Ordinarily, at this juncture, we would simply conclude that the trial judge was exercising his judicial discretion in making a monthly award of alimony of $260.00, and no abuse of discretion being demonstrated, would affirm. However, because of our following determination that certain errors were committed warranting a new trial, during which the financial circumstances of the husband may again be subject to further review, we must reverse.
Appellant's next point concerns an attempt by her counsel to depose the husband regarding his use of a certain telephone not located in his home, and his payments to the telephone company for calls from that phone. The husband refused, on advice of counsel, to answer such questions, as irrelevant to the action. A motion to compel answers was made in accordance with Rule 1.380, F.R.C.P., 30 F.S.A., and was denied by the trial judge. We believe the trial judge's holding was in error.
Florida Rule 1.280(b) defines the permissible scope of a discovery examination as follows:
"Unless otherwise ordered by the court as provided herein, the deponent may be examined regarding any matter, not privileged, which is relevant to the subject matter of the pending action, whether it relates to the claim or defense of the examining party or to the claim or defense of any other party, including the existence, description, nature, custody, condition and location of any books, documents or other tangible things and the identity and location of persons having knowledge of relevant facts.
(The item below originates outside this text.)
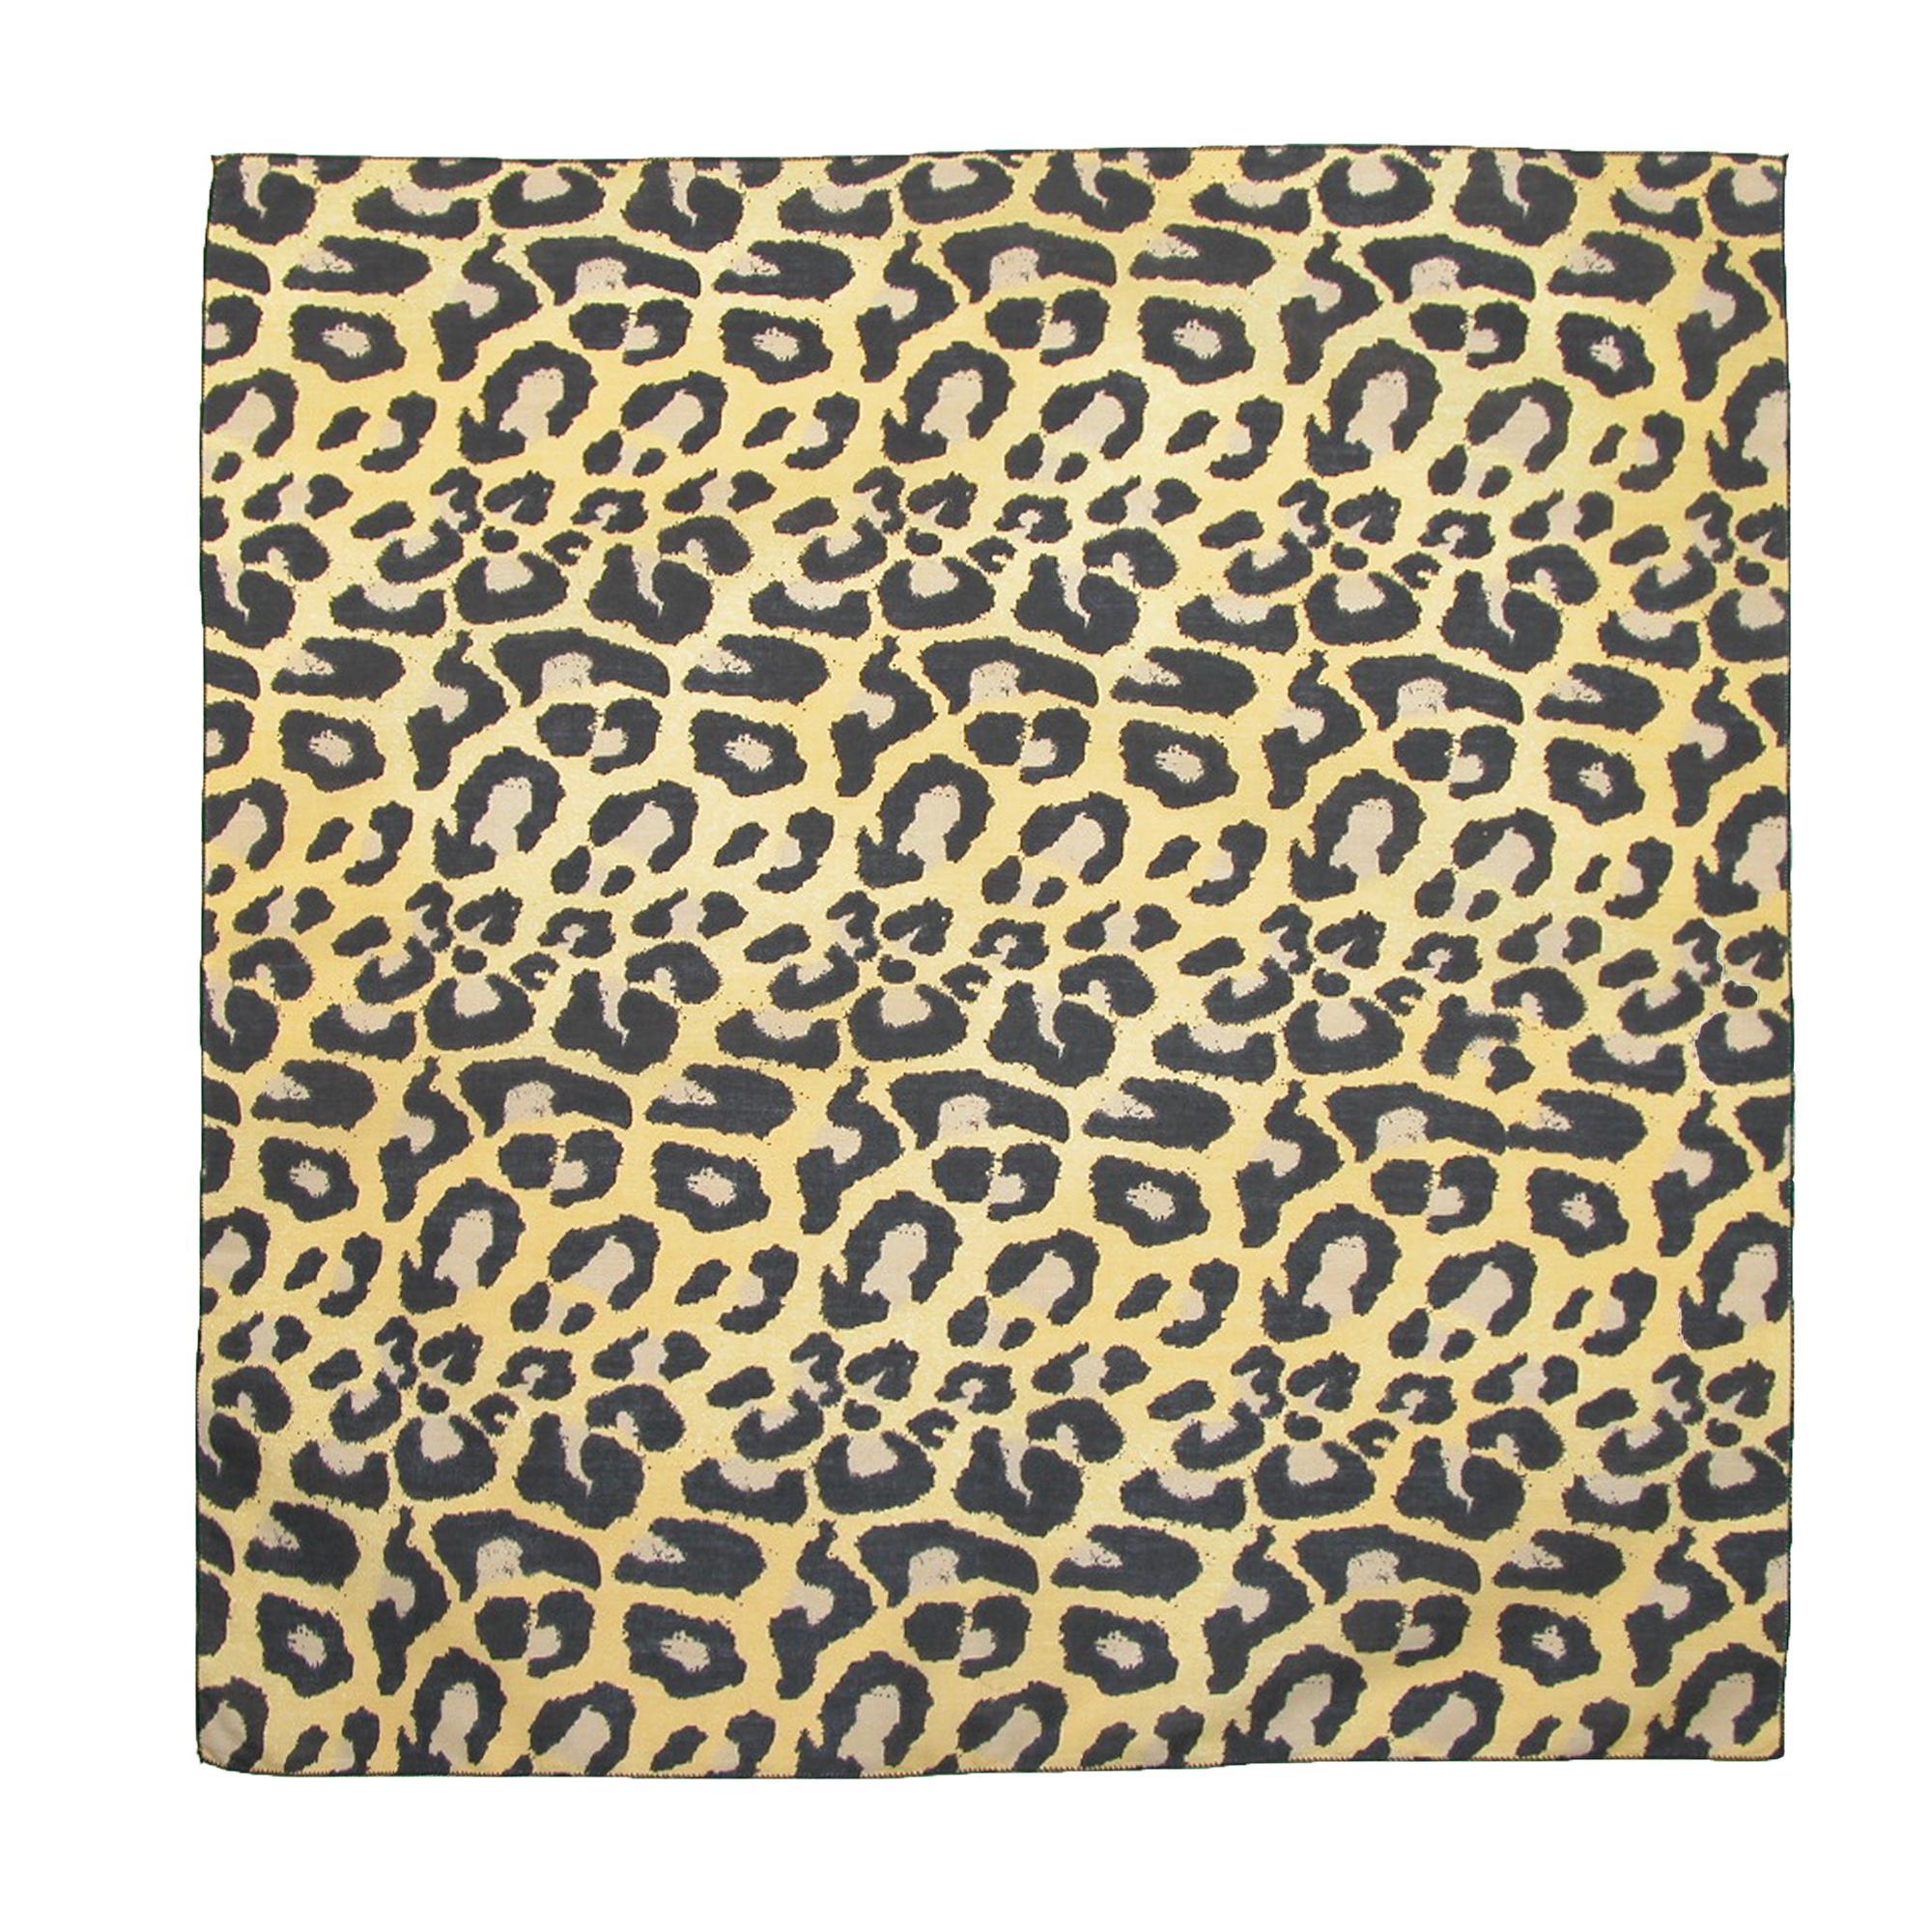 CTM_Womens_Cotton_Leopard_Print_Bandanas_
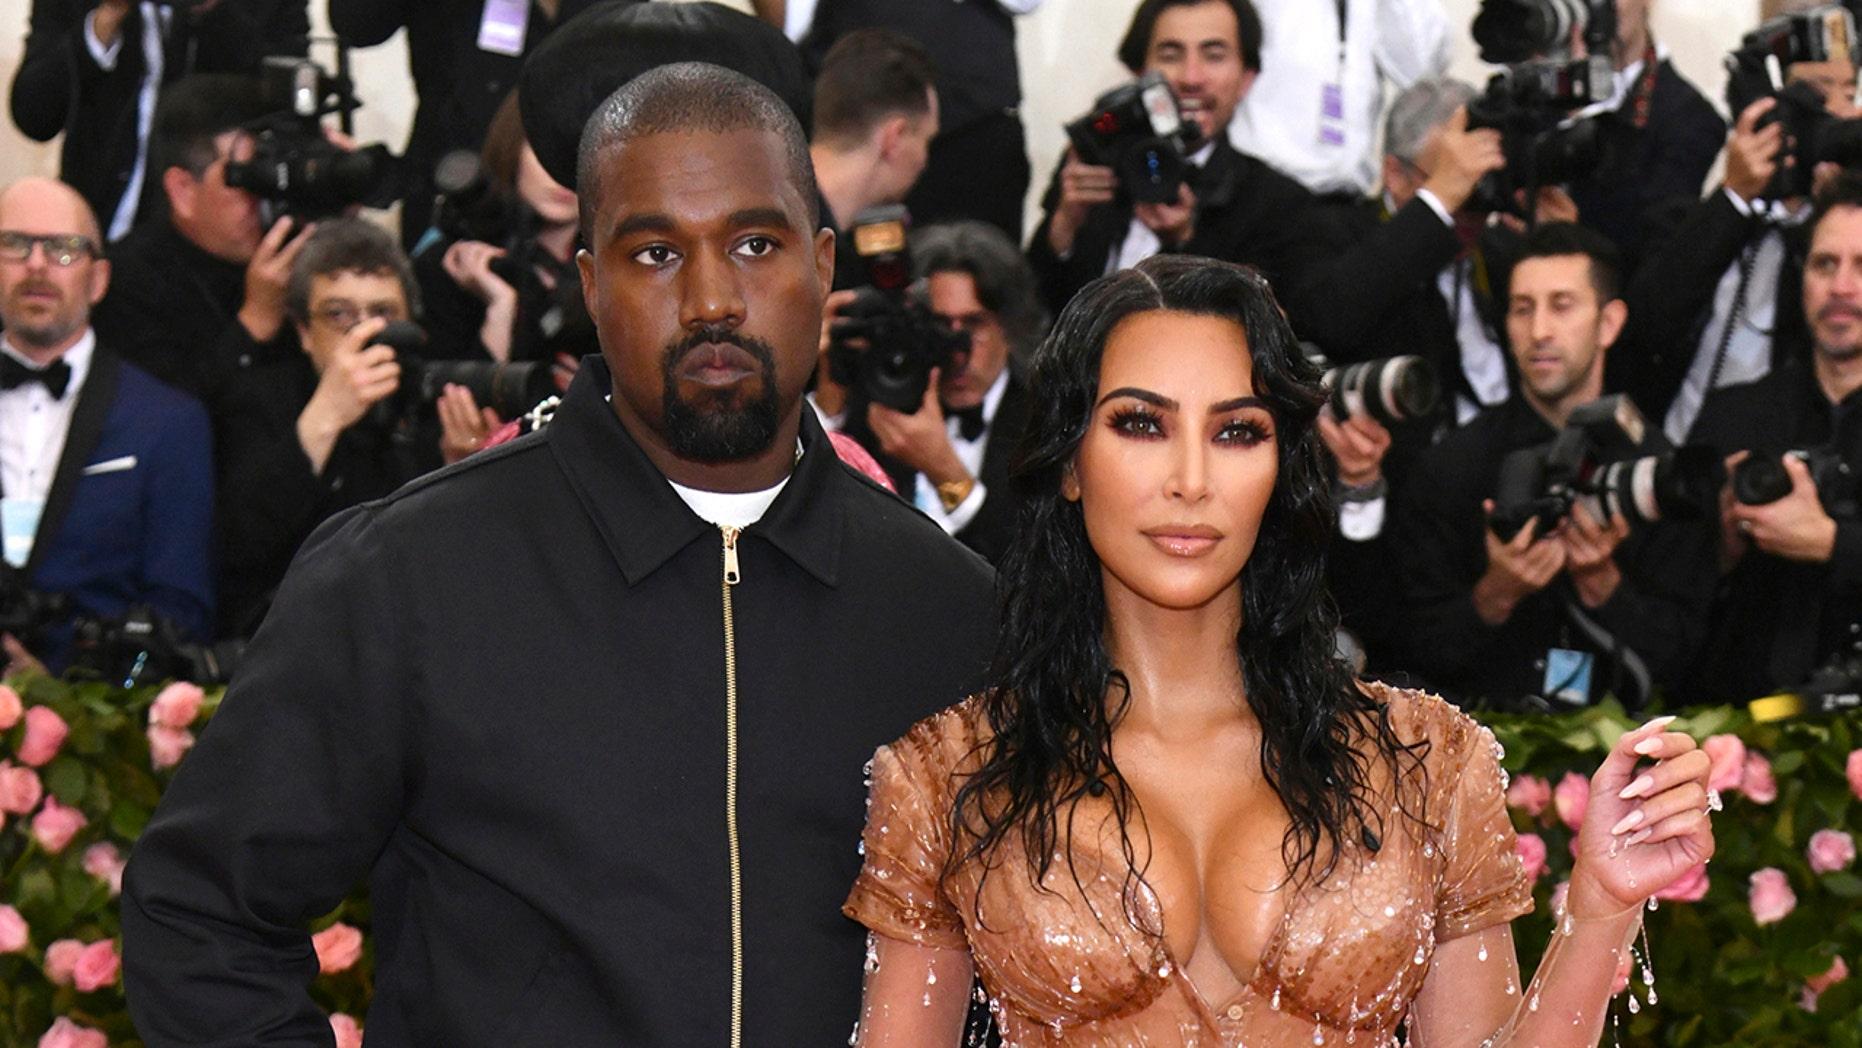 Kim Kardashian, Kanye West's divorce details revealed: reports

It is not ground for objection that the testimony will be inadmissible at the trial if the testimony sought appears reasonably calculated to lead to the discovery of admissible evidence."
In the official comment to this rule the authors make the following statement: "The objection that the examining party is on a `fishing expedition' is no longer available to preclude him from inquiring *789 into all of the facts and circumstances that may have a bearing on either side of the case." Rule 1.280(b), Authors' Comment set out at 30 F.S.A. 379.
We recognize that a great deal of discretion is vested in the trial judge with regard to discovery matters. See Charles Sales Corp. v. Rovenger, Fla. 1956, 88 So.2d 551, and Carson v. City of Fort Lauderdale, Fla. App. 1965, 173 So.2d 743. However, such discretion should not be construed so broadly that it frustrates the beneficial purposes served by the Rule: "* * * to assist the administration of justice, to aid a party in preparing and presenting his case for his defense, to advance the function of a trial in ascertaining the truth, and to accelerate the disposition of suits." Southern Mill Creek Products Co. v. Delta Chem. Co., Fla. App. 1967, 203 So.2d 53.
It is impossible to know precisely what information appellant hoped to gain by her questions relating to the telephone calls and payments, but several areas of possible relevancy suggest themselves.